Reputation: 37
I am using ruamel.yaml to edit YAML files and dump them. I need help on how to keep the structure the same as the original file,
I have a YAML file which has the content below, however, this content is not being modified, but when I load and dump it after editing the structure of this content changes
parameters: {
"provision_pipeline": "provision-integrations",
"enable_sfcd_ds_argo_operator": "false",
"clustermanagement_helm_values_path": "sam/sam-helm-charts/kube-node-recycler-0.0.4-273/values.nodepool.yaml"
}
However, after I dump the structure of this is changed to the format below:
parameters: {"provision_pipeline": "provision-integrations", "enable_sfcd_ds_argo_operator": "false",
"clustermanagement_helm_values_path": "sam/sam-helm-charts/kube-node-recycler-0.0.4-273/values.nodepool.yaml"}
Code:
def addTargetToBaseIntegFileAndUpdate(deploymentTarget, fi, env, samvmf_repo, folder, pipelineversionintegration, basefile):
yamldata = OrderedDict()
ryaml = rumel.yaml.YAML()
ryaml.preserve_quotes = True
ryaml.default_flow_style = False
ryaml.indent(mapping=2)
with open(basefile, "r") as file:
yamldata = ryaml.load(file)
deploymentTargets = yamldata["targets"]["stagger_groups"]
target = ""
doesFIExist = False
fi_index = 0
for index, sg in enumerate(deploymentTargets):
if sg["name"] == env.lower():
target = deploymentTargets[index]
for i, fi_item in enumerate(target["falcon_instances"]):
if fi_item["name"] == fi.lower():
fi_index = i
doesFIExist = True
break
if doesFIExist:
yamldata["targets"]["stagger_groups"][index]["f_instances"][fi_index]["f_domains"].append(deploymentTarget["f_instances"][0]["f_domains"][0])
else:
yamldata["targets"]["stagger_groups"][index]["f_instances"].append(deploymentTarget["f_instances"][0])
break
with open(basefile, "w") as fileobj:
ryaml.dump(yamldata, fileobj)
Upvotes: 0
Views: 3210
Reputation: 76599
ruamel.yaml
doesn't preserve newlines between flow style mapping elements. The only thing
affecting these is yaml.width
so you get a wrap on lines that are getting to long.

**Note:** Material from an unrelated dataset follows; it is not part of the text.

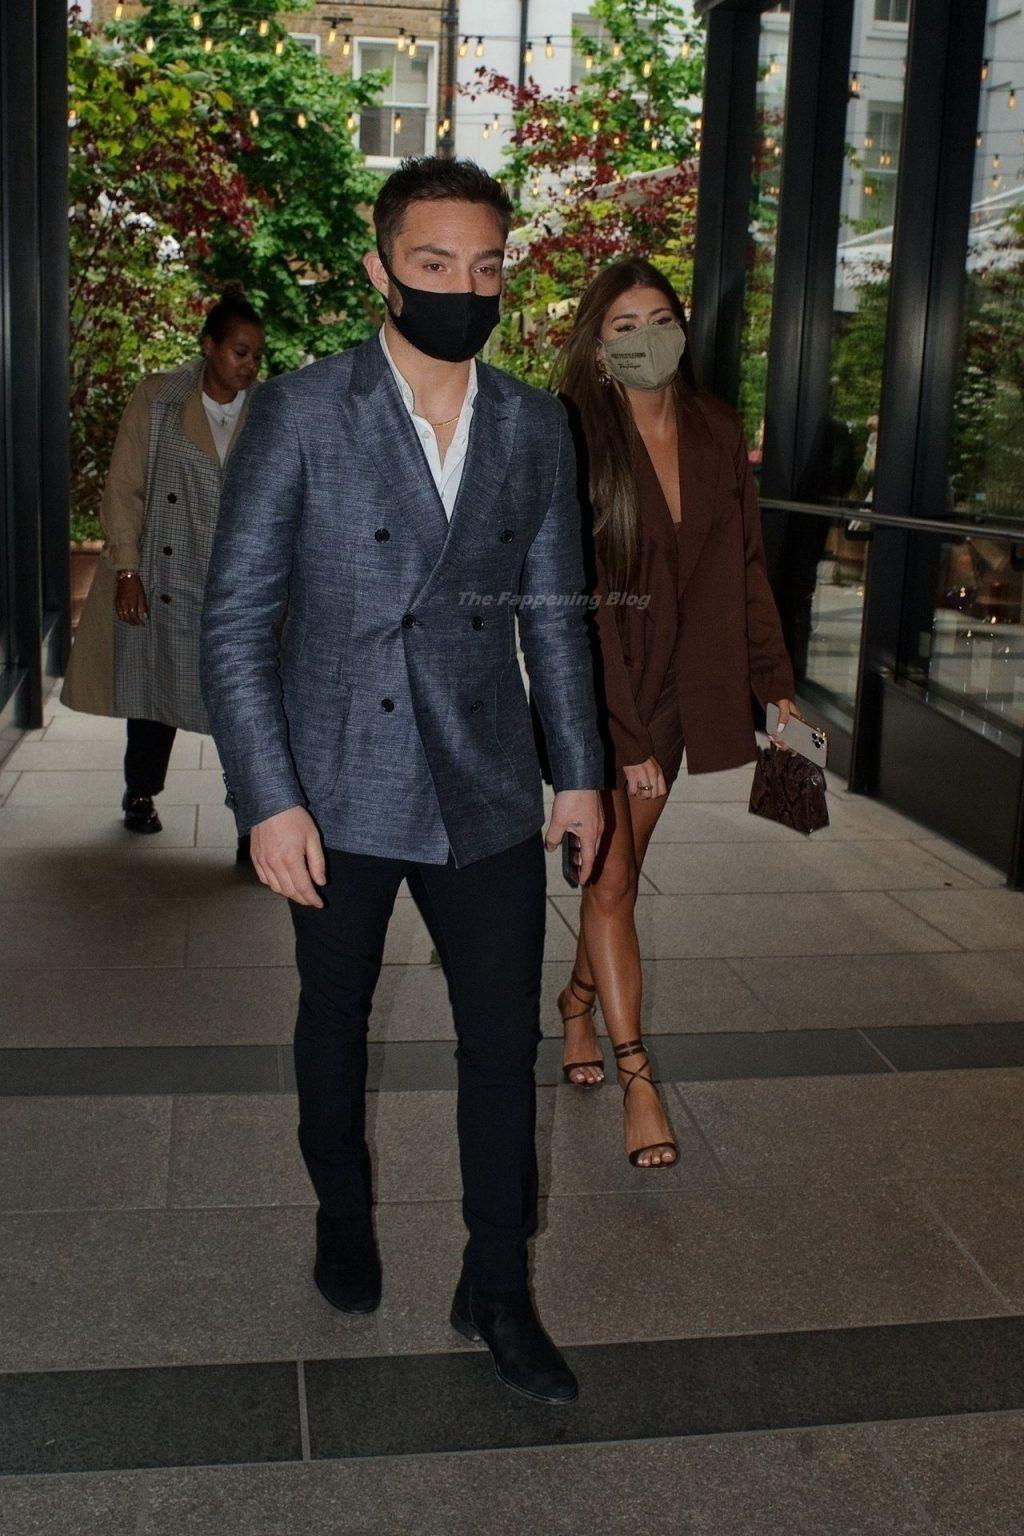 Tamara Francesconi & Ed Westwick are Looking Sharp in London (10 Photos)

E.g. with your input, if you set the width to 40, you'll get:
parameters: {"provision_pipeline": "provision-integrations",
"enable_sfcd_ds_argo_operator": "false",
"clustermanagement_helm_values_path": "sam/sam-helm-charts/kube-node-recycler-0.0.4-273/values.nodepool.yaml"}
But there is no control that gets you the first key-value pair on a new line, nor that you get a closing curly brace on a line of its own.

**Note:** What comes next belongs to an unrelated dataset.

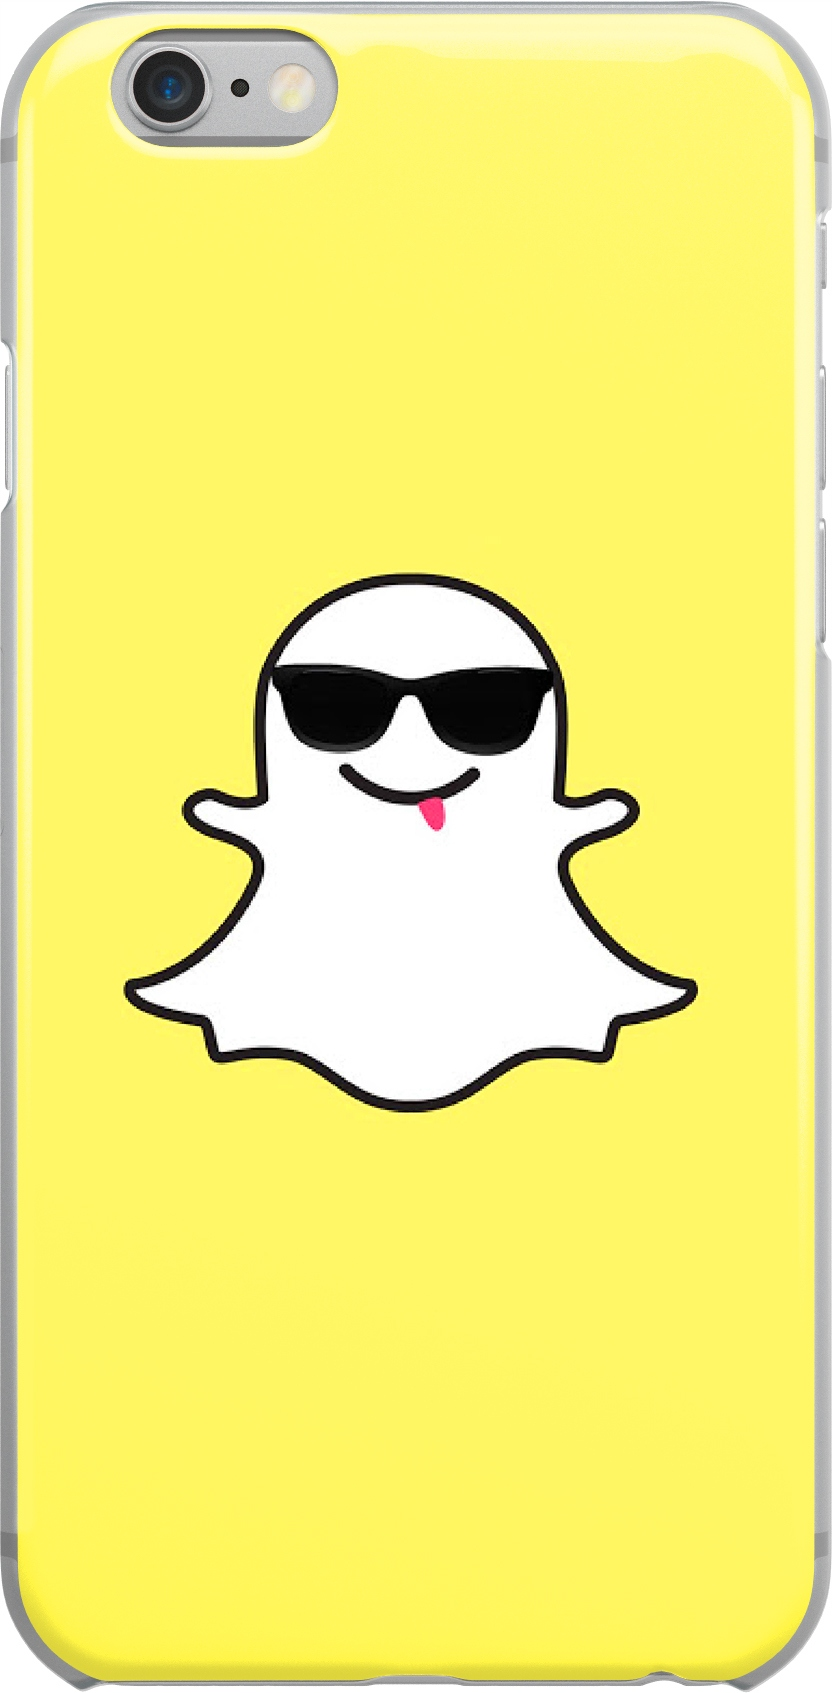 Etui Wzory Snapchat Huawei G730

Your addition ryaml.default_flow_style = False
only affects completely new dicts and list that you add to
the data structure.
You should consider switching to block style and drop all non-essential quotes, that makes the YAML both less verbose and more readable. For the program that loads the data this makes no difference, and conversion is easily done by loading in normal safe mode (which does not set block/flow-style information on the loaded data):
import sys
import pathlib
import ruamel.yaml
basefile = pathlib.Path('input.yaml')
data = ruamel.yaml.YAML(typ='safe').load(basefile)
yaml = ruamel.yaml.YAML()
yaml.dump(data, sys.stdout)
which gives:
parameters:
provision_pipeline: provision-integrations
enable_sfcd_ds_argo_operator: 'false'
clustermanagement_helm_values_path: sam/sam-helm-charts/kube-node-recycler-0.0.4-273/values.nodepool.yaml
The string scalar 'false'
needs to get quoted in order not to be confused with the boolean false
.
If the above improvement is unacceptable, e.g. if further processing is done with something else than a full YAML parser, you can post-process the output:
import sys
import pathlib
import ruamel.yaml
basefile = pathlib.Path('input.yaml')
def splitflowmap(s):
res = []
for line in s.splitlines():
if ': {' in line and line[-1] == '}':
start, rest = line.split(': {', 1)
start = start + ': {'
indent = ' ' # two spaces more than the start
for idx, ch in enumerate(start):
if ch != ' ':
break
indent += ' '
res.append(start)
rest = rest[:-1] # cut of }\n
for x in rest.split(', '): # if you always have quotes it is safer to split on '", "'
res.append(f'{indent}{x},')
res[-1] = res[-1][:-1] # delete trailing comma
res.append(f'{indent[2:]}}}') # re-add the cut of }\n on a line of its own
continue
res.append(line)
return '\n'.join(res) + '\n'
yaml = ruamel.yaml.YAML()
yaml.preserve_quotes = True
yaml.width = 2**16
data = yaml.load(basefile)
yaml.dump(data, sys.stdout, transform=splitflowmap)
which gives:
parameters: {
"provision_pipeline": "provision-integrations",
"enable_sfcd_ds_argo_operator": "false",
"clustermanagement_helm_values_path": "sam/sam-helm-charts/kube-node-recycler-0.0.4-273/values.nodepool.yaml"
}
Upvotes: 3
Reputation: 3518
As Nick Bailey pointed out in the comments, this is a stylistic change, not a structural one. That is, the data is the same, it's just presented differently.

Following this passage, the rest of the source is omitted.